FLIR Optical Gas Imaging Cameras Meet EPA Methane Rule Standards

FLIR Optical Gas Imaging Cameras Meet EPA Methane Rule Standards

Wednesday, September 14, 2016

GF320 Jonah

Two FLIR optical gas imaging (OGI) cameras – the FLIR GF320 and GF300 – have received sensitivity standard validation by UK-based National Physical Laboratory (NPL), making them compliant with the US Environmental Protection Agency (EPA’s) recently announced methane rule.

Earlier this year, the EPA released first-ever standards to cut methane emissions from the oil and gas sector. Part of that regulation, called Subpart OOOOa, or Quad Oa, requires leak detection and repair for oil and gas operations, recommending quarterly or bi-annual surveys using optical gas imaging cameras.

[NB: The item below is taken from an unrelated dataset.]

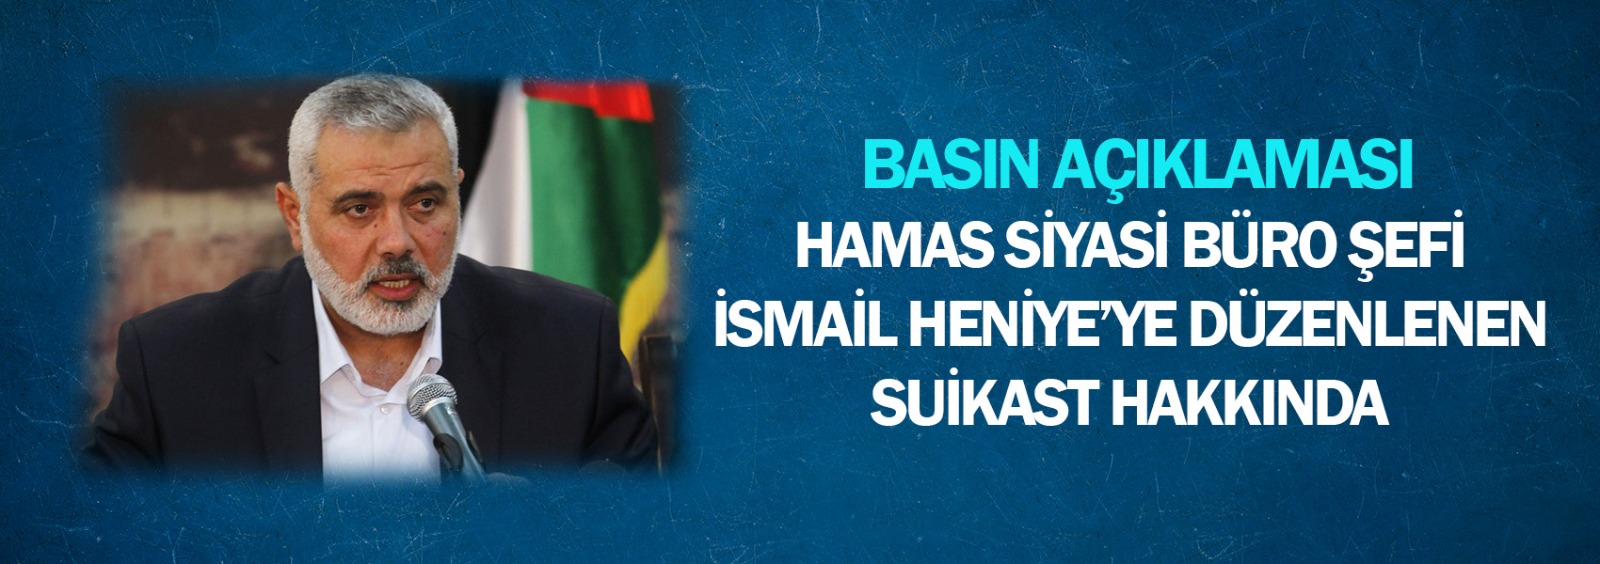 Hamas Siyasi Büro Şefi İsmail Heniye’ye Düzenlenen Suikast Hakkında  Basın Açıklaması

The EPA OOOOa methane rule references OGI technology like that in FLIR GF320 and GF300, as the best system of emission reduction (BSER) on specific sources at compressor stations and well sites across the United States. The rule adds that any OGI equipment used for compliance purposes must be capable of imaging a gas that is half methane, half propane at a concentration of 10,000 parts per millions (ppm), at a flow rate of less than 60 grams per hour, from a quarter inch diameter orifice. The NPL’s validation confirms that FLIR’s technology has these capabilities.